Provisional results from the research project RACE Welfare indicate that fish farm design does exert a major impact on fish behaviour. This is probably because it influences the level of exposure of the fish in individual net pens to prevailing waves and currents. 

Research scientist Eirik Svendsen in his lab at SINTEF.

“It will be interesting to monitor and compare several individual fish in net pens within a given facility under the highest and lowest levels of exposure, respectively,” Pascal Klebert says. He is a research scientist at SINTEF.

However, to be able to interpret observations from a given population, researchers must examine the behaviour of individual fish under many different conditions.

“In practice, we need to gather a forest of data on the various aspects of fish behaviour before we can identify the ‘trees’ – the things we really want to know,” Svendsen says.

Advanced implant offers new opportunities

The newly developed implant will be used to gather data. It is designed to acquire larger volumes of data than any other existing system – and all of it simultaneously. 

Moreover, the fish don’t have to carry several different sensors in their abdominal cavities. The implant is cylindrical – just 47 milimetres long with a diameter of 13 milimetres. It contains a battery, a memory card, and a microcontroller. It is fitted with measuring devices for gathering data on blood oxygen content, heart rate, levels of activity, directional orientation, and temperature.

“It hasn’t previously been possible to gather all these types of data simultaneously,” Svendsen says.

He envisages a future system whereby a selected group of so-called ‘sentinel’ fish, fitted with implants, will be introduced to each net pen in a given facility. The sensors in the implants will gather data that will be used to determine a ‘welfare score’.

“It will not necessarily always be appropriate simply to use a single, precise score. However, based on our existing knowledge, an acceptable score can be defined as a threshold value. When the microcontroller in the implant analyses the data, it will send a message if the score falls below the acceptable welfare threshold.

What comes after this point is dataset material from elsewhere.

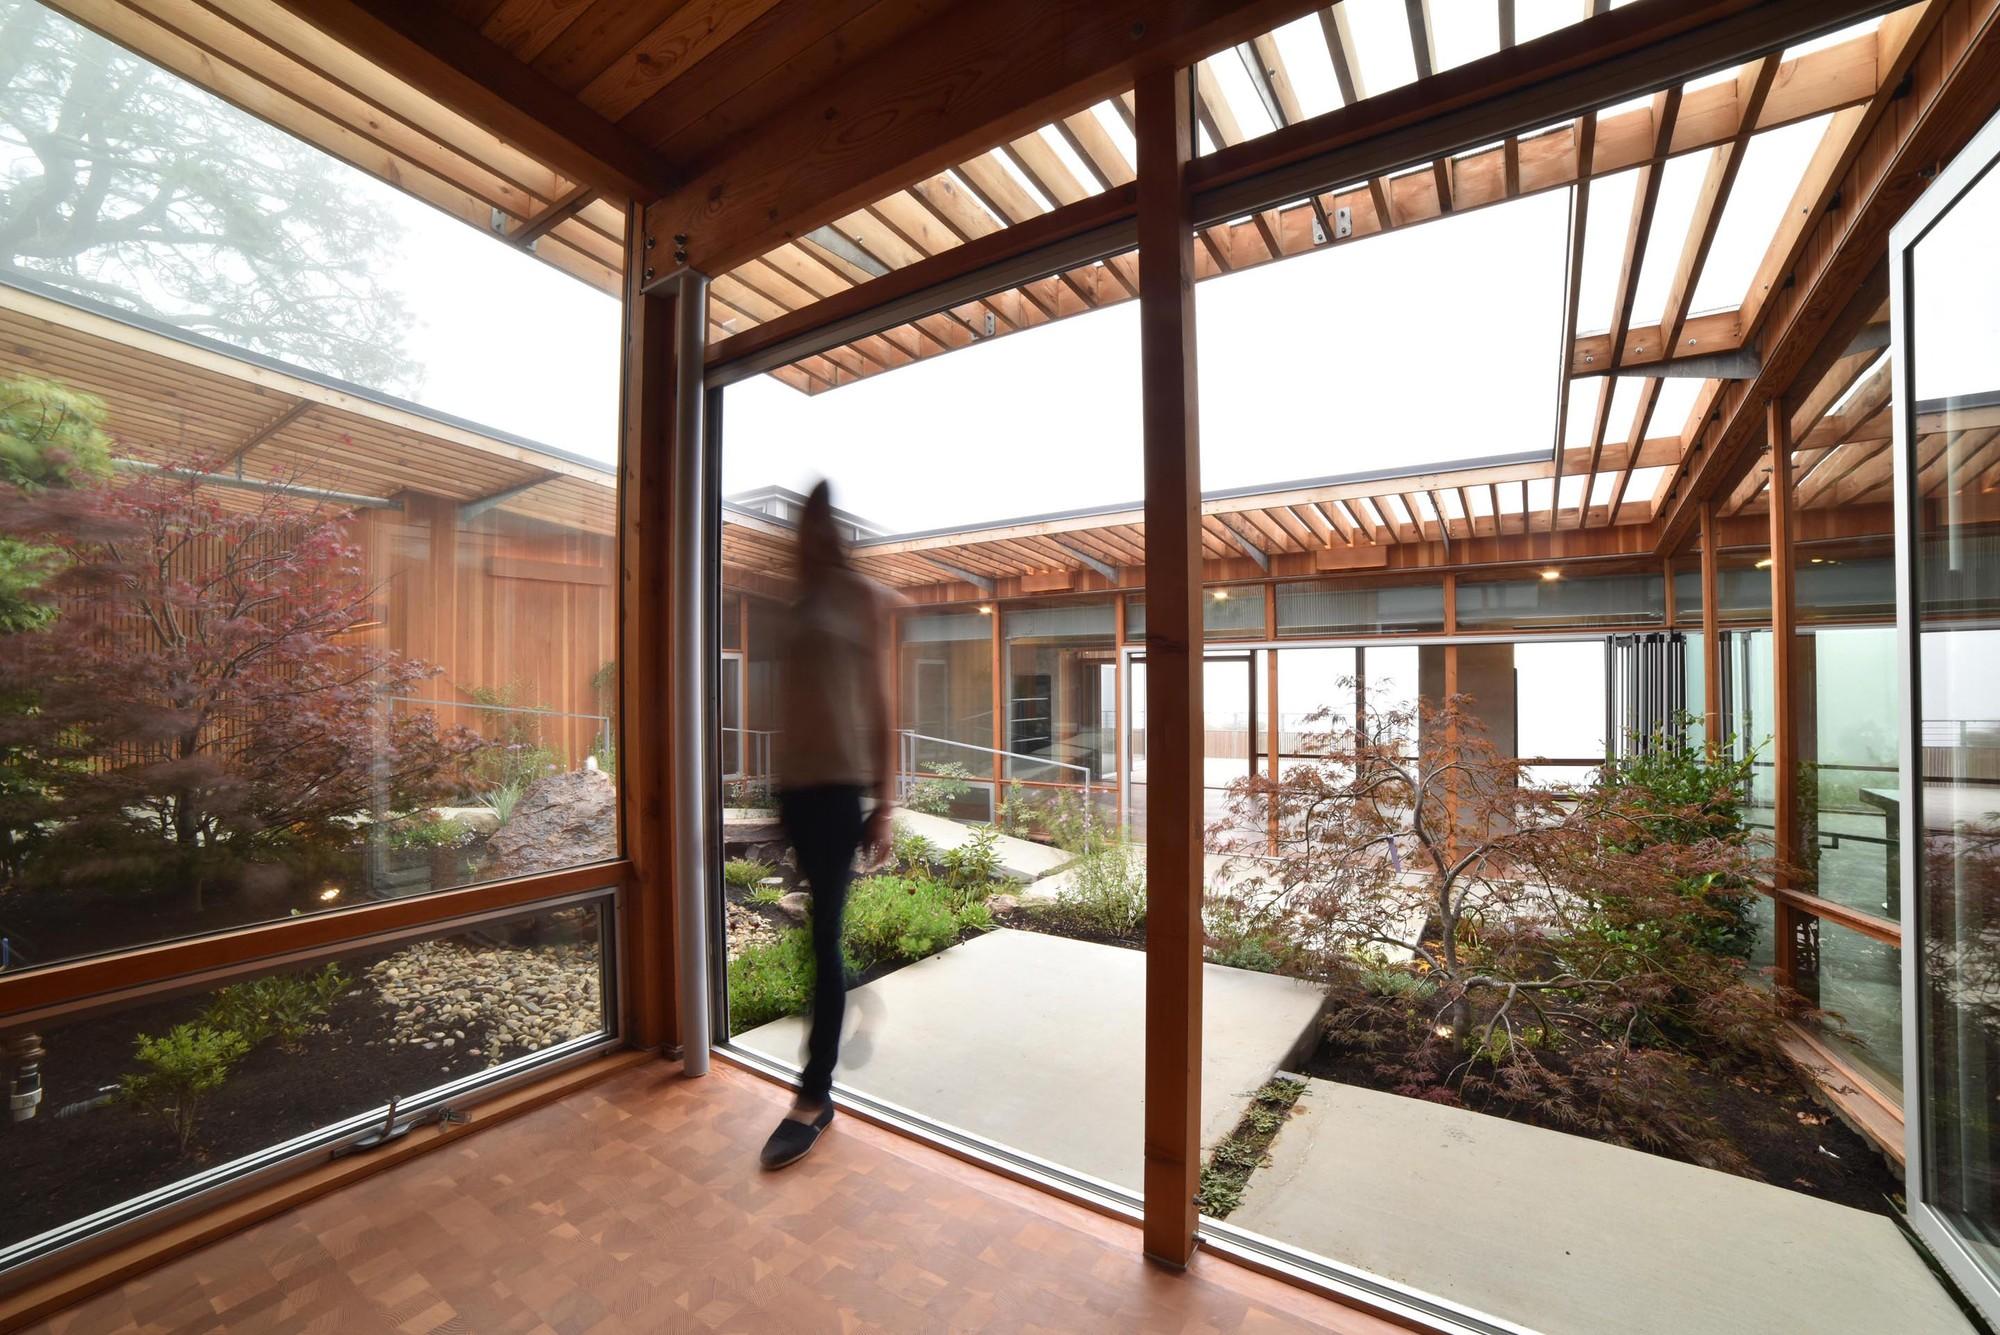 Casa Fénix / Anderson Anderson Architecture, © Anthony Vizzari

This will give fish farm operators clear notification to start investigating for causes and implementing measures in the net pen where the poor score is recorded," he says.

Are the fish inconvenienced by the implant?

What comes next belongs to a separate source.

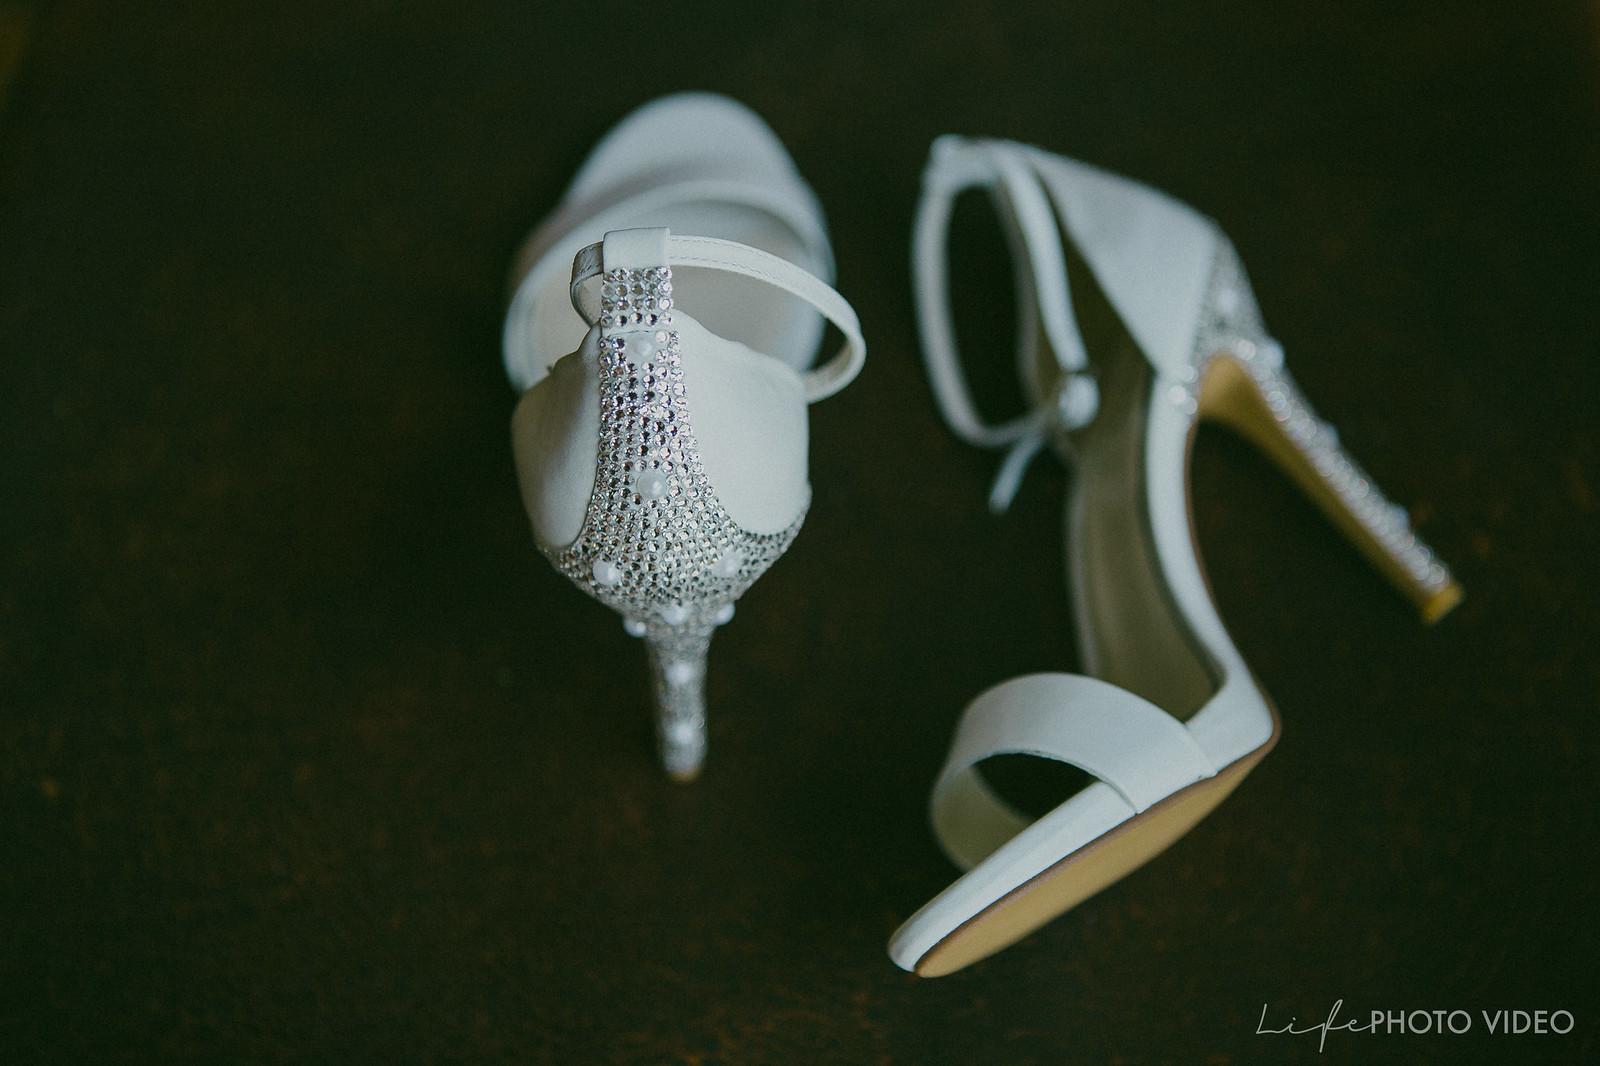 LifePhotoVideo_Boda_Guanajuato_Wedding_0010

According to Svendsen, so-called welfare-related indicators such as heart rate and swimming activity become normalised after a given period following insertion of the implant.

“On this basis we can assume that a fish has recovered and is not being inconvenienced to any great extent by the implant. However, complications such as infections may arise, so this is a complex issue,” he says.

Naturally, the fish need to be large enough to accommodate an implant, even though it is relatively small. 

“Fish should also be allowed time to recover after insertion. This is important because it will minimise any negative impacts that may bias the results,” he says.

Real world application

The first new task for the researchers is to improve the design of the implant. 

“We’ll be conducting thorough tests on fish in swim tunnels, combined with data acquisition in net pens," Svendsen says.

It is important that the new measurement approaches are applicable at full-scale in fish farms under operational conditions. 

"We can do a lot of clever stuff in the lab but, in this project, we want to measure the links between physiology and behaviour in the real world where farmed fish actually live,” he says.

About the project

In October, Svendsen defended his doctorate at the Department of Engineering Cybernetics at NTNU. SINTEF has accumulated a number of projects under the umbrella portfolio ‘RACE’, which Svendsen describes as groundbreaking. The further development and testing of the sensor conducted by Svendsen as part of his doctoral studies is just one example of the work being carried out in net pens operated by SINTEF under a research licence. 

The implant has been developed as part of the project Salmon Insight, funded by the Research Council of Norway.